Evaluation of some Trichoderma spp. Protease and Lipase Activity and Its Effect on Biocontrol of Tomato Root-knot Nematode (Meloidogyne javanica)

Document Type : Research Article



Introduction: Among crop culture, tomato (Lycopersicum esculentum L.) is an important vegetable crop that grown throughout the world in open as well as protected cultivation. Iran ranks sixth among tomato producing countries. One of the biggest challenges in modern agriculture worldwide, is the management of soil-borne plant pathogens, including plant-parasitic nematodes. Among plant parasite nematodes, root-knot nematode genus Meloidogyne spp. (RKN) is one of the most important nematodes in a wide spectrum of crops that causes serious damage in most agricultural crops worldwide. The eggshell of root-knot nematode is containing 50% protein, 30% chitin and 20% lipid and Species of Trichoderma due to the production of the high level of many hydrolytic enzymes, are used as \ biocontrol agents of plant pathogens.
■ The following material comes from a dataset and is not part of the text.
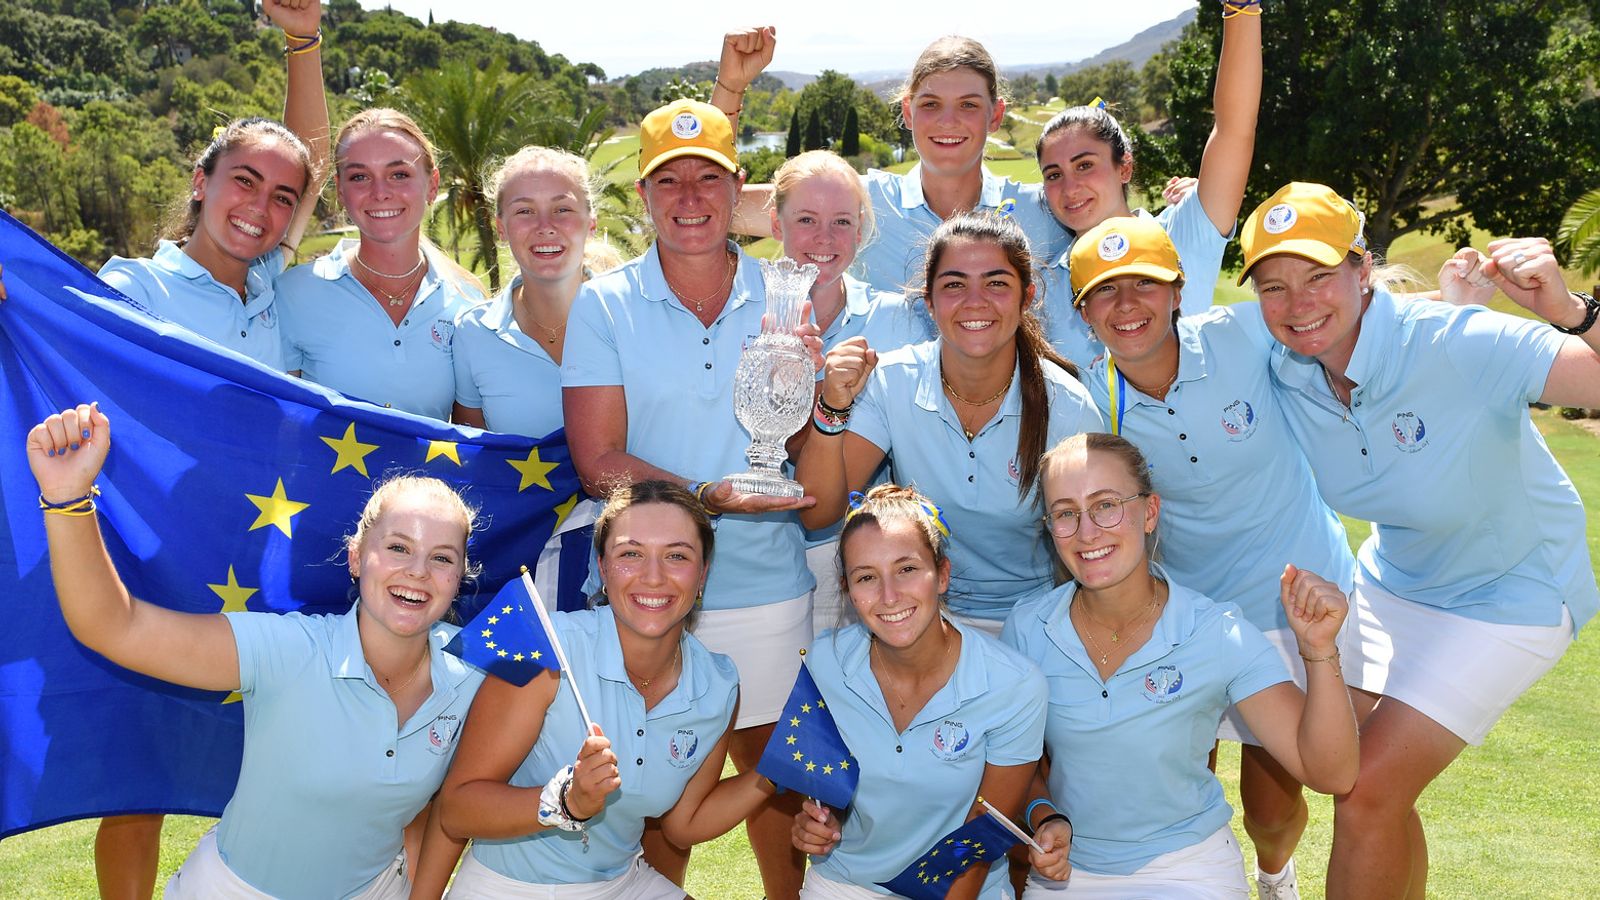 Junior Solheim Cup: Team Europe beat Team USA 15-9 in Spain to defend title for the first time

Material and Methods: In the current study, extracellular protease and lipase activity of 15 isolates of four species of Trichoderma spp. including T. harzianum, T. virens, T. konigii and T. saturnisporum were investigated to their biocontrol effects on tomato root-knot nematode in the greenhouse. These Trichoderma isolates were cultured on Potato Dextrose Agar (PDA) media for 7 days and were used to prepare inoculation of Trichoderma. In order to prepare Trichoderma inoculum, we used sterilized wheat as the substrate contains Trichoderma fresh culture and after that incubated in 28ºC for 12 days. The Meloidogyne javanica pure population was prepared and tomato seedlings were inoculated with 2000 of the fresh egg of nematode and 1×107 different Trichoderma strain conidia and were kept in greenhouse conditions. The enzyme activity was assessed based on the colorimetric method using a special substrate as the only energy source for Trichoderma isolates. We used casein as the substrate for protease and extra-pure olive oil as the substrate for lipase activity assessment.
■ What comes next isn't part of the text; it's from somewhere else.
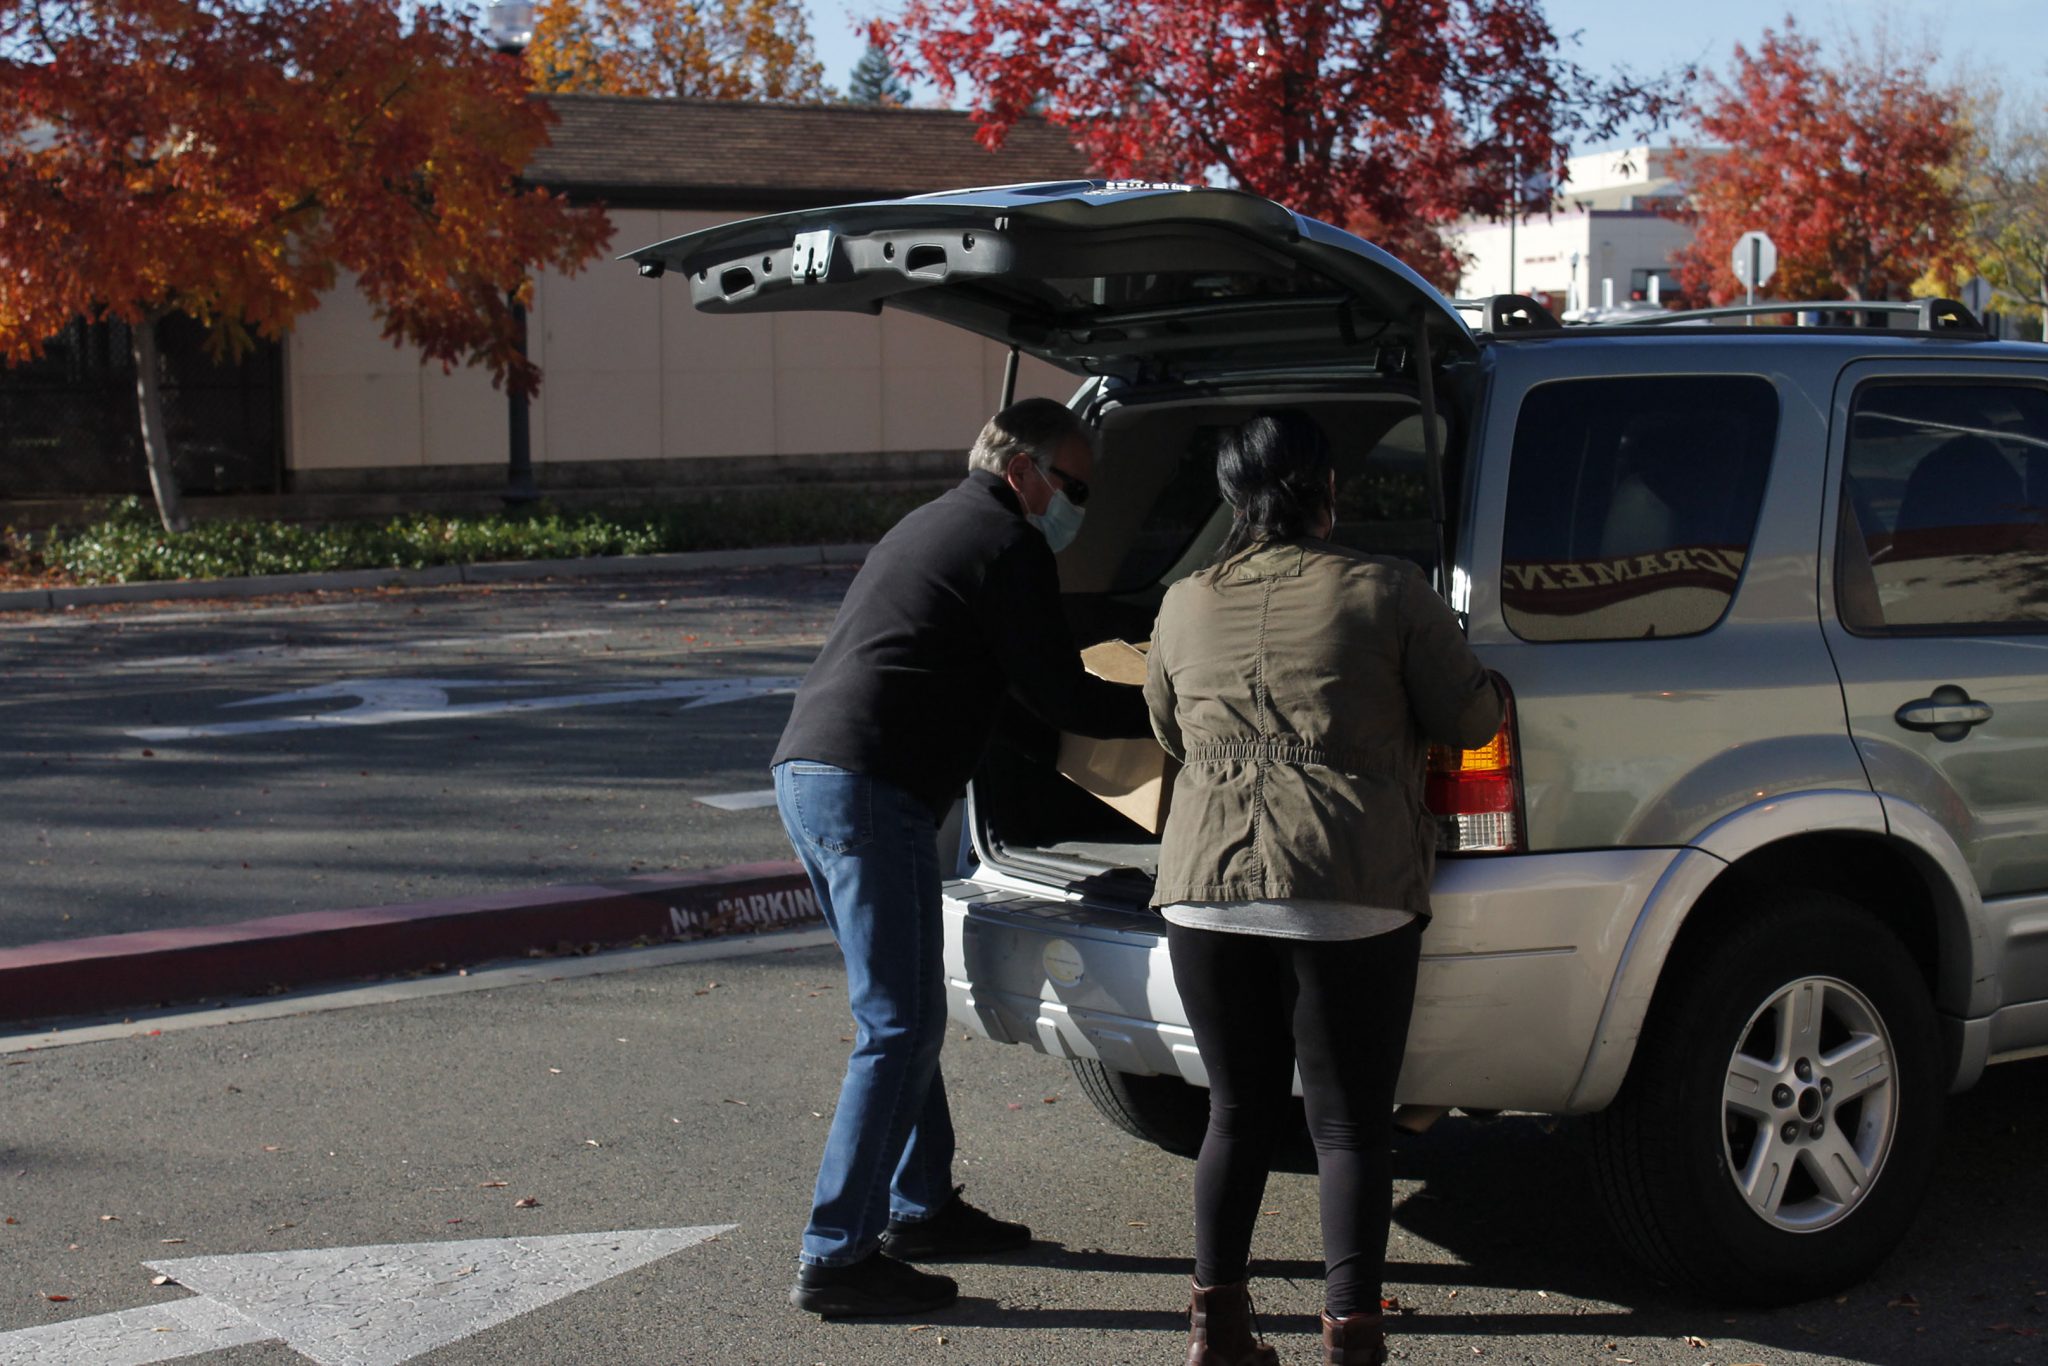 Adjunct assistant photography professor Gordon Lazzarone and R.I.S.E. student support specialist Valerie Lockhart distribute food to a student's trunk while maintaining distance in accordance with COVID-19 protocol. (Shelby Tolly/stolly.express@gmail.com)

Result and Discussion: According to the enzyme activity results, the highest protease activity was in the isolates T. harzianum BI, T. virens T65 and T. virens T64 and the lowest protease activity was in isolates T. harzianum T16A, T. saturnisporum T12 and T. saturnisporum T12N, respectively. The highest lipase activity was in T. harzianum T19, T. virens T6 and T. virens T65 and the lowest lipase activity were in T. harzianum T14N, T. harzianum T16A and T. harzianum T16. Based on the greenhouse results, T.BI, T65 and T6 isolates were the highest effective isolates and T12N, T12 and T16 reported as the lowest effective isolates in the biocontrol of root-knot nematode on infected tomato plants. Also, according to the results of correlation between protease and lipase activity and nematode reproduction factor, the correlation coefficient between enzyme activity and nematode reproduction factor for protease activity measured R2=0.83 and for lipase activity measured R2=0.42 which given the constituents of the root-knot eggshell and larvae cuticle that contains high amounts of protein, this is understandable. There are many reports about the effects of protease and chitinase on the induction of resistance against plant pathogens in plants. An investigation on the effect of Trichoderma isolates extracellular protease level on the biocontrol ability of these isolates against tomato root-knot nematode showed that the higher number of protease-encoding genes copies increases the biocontrol ability of these isolates.
Conclusion: Root-knot nematode is one of the most important damaging agents on tomato plants. It is difficult to control this endo-parasite nematode because of its wide host range, short life cycle, and high reproductive potential. The activation of the plant's own defense system through biotic and abiotic agents, called elicitors, has been considered as a focus of research only in recent years for the control of plant pathogens. The resulting elevated resistance due to an inducing agent upon infection by a pathogen is called induced systemic resistance (ISR) or systemic acquired resistance (SAR). Several abiotic and biotic agents have been reported to induce resistance against plant-parasitic nematodes. So far, many pieces of research have done on the use of different species of Trichoderma as biological control agents of plant pathogens. The ability to produce high amounts of chitinase, protease and glucanase enzymes made this isolates as a biocontrol agent of a wide range of plant pathogens. Overall, there is no sure whether or not a biocontrol agent is successful in controlling a particular pathogen, and many variables influence the success rate of biocontrol agents in natural environments.